Starting point is 00:13:30 It's actually been making money for several quarters, and its stock is back at $46 a share. How did Twitter rise from the ashes to make the obvious bird-related metaphor? Over at BuzzFeed, Alex Cantorowitz takes a look and decides that it was a combination of luck, ironically a pivot to video, a decision to stop trying to be Facebook, and most importantly, a decision to focus on news. quoting from the piece It's hard to overstate the importance of Twitter's decision to tie its identity to news
Starting point is 00:14:04 For years you could ask Twitter What exactly are you And not get a straight answer Because Twitter itself didn't really know The abundance of communities that formed on the service Sports Twitter, Black Twitter, Weird Twitter, Meme Twitter, celebrity Twitter and so on Made it difficult to pin down
Starting point is 00:14:20 And Twitter couldn't settle on one thing It did really well But in April 2016 Twitter made that call It moved itself from the social networking section of the iOS App Store to news, seating the former to Facebook and its satellite apps, end quote. In Bloomberg, a similar piece about Nintendo. A few short years ago, people were saying that Nintendo was doomed
Starting point is 00:14:45 because it had missed the boat in modern gaming. And then Nintendo came out with the Switch, and suddenly it's the hottest thing in gaming, alongside Fortnite, which, of course you can play on the Switch. in a piece called The Legend of Nintendo, Felix Gillette looks at exactly how and why. Every time you think Nintendo is down and out, it can reinvent itself so successfully. The big news yesterday was the resignation of Brian Krasanich, the CEO of Intel. At the verge, Tom Warren says that Intel now faces a fight for its very future.

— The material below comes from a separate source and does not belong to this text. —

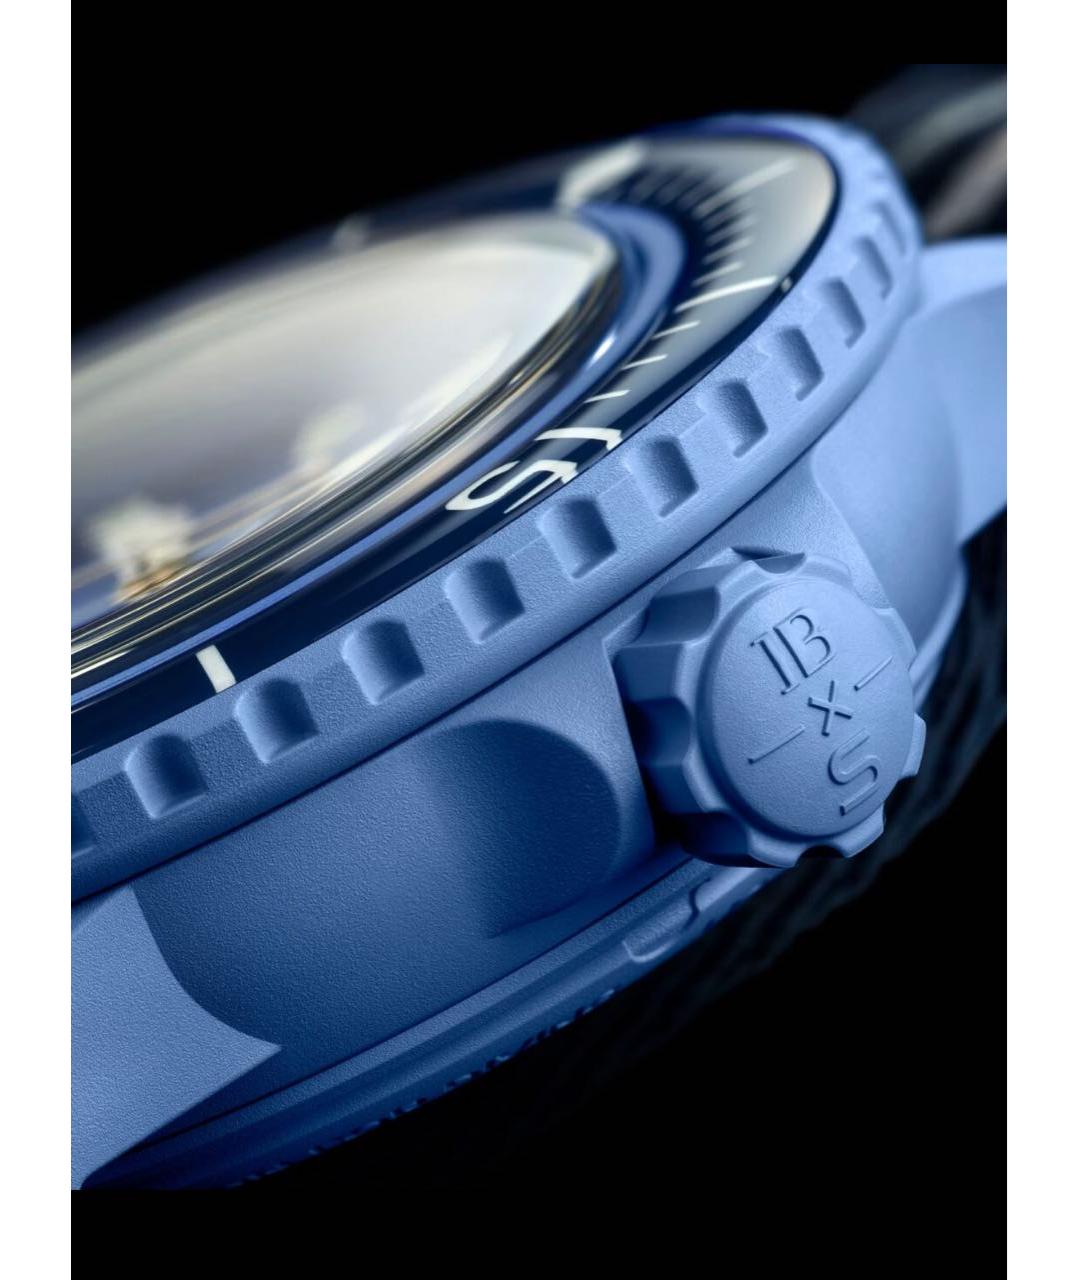 Blancpain Синие керамические часы, фото 6

Starting point is 00:15:19 Intel is in an odd position of market dominance and emerging threats that, in many ways, echoes Microsoft's position before Satcha Nadella took over. Intel and Microsoft have followed in each other's footsteps for decades under the famous Wintel Alliance. While Microsoft has diversified its business, thanks to the reach of software and its focus on the cloud, Intel has reacted more slowly. Intel now needs to find its own Satcha Nadella,
Starting point is 00:15:46 who has the engineering knowledge to steer the company in the right direction, all while accepting that the company's consumer relevance doesn't necessarily matter anymore, end quote. Finally, I cannot recommend highly enough the cover story in this month's Wired magazine. It tells the inside story of cryptocurrency Tezos, which once had the largest ICO ever and raised $232 million,
Starting point is 00:16:13 but then devolved into a bizarre story of infighting, backstabbing. There's also a love story in there, and as the author of the piece, Gideon Lewis Krause writes, quote, what began in utopian ambition would blow up into one of the crypto world's biggest scandals, end quote. I have a link to the story in the show notes, of course, as with all the long reads, but also why not go out and buy the physical magazine? Wired always has such lovely cover stock.
Starting point is 00:16:47 It's Friday, everybody, so get down to that Friday music. I meant to make this joke earlier in the week, but I can't. couldn't find a decent recording. So hopefully if I jack up the volume all the way, you'll be able to hear this. Enjoy. Spock sabotage the system. Spock restore the atmosphere. Spock sabotage the system. I wish I knew what to do. Observations, Mr. Spock. Okay, can we have line 193 again with sabotage and a sabotage and sabotage? I don't say sabotage. You say sabotage. I say sabotage. I say habitat.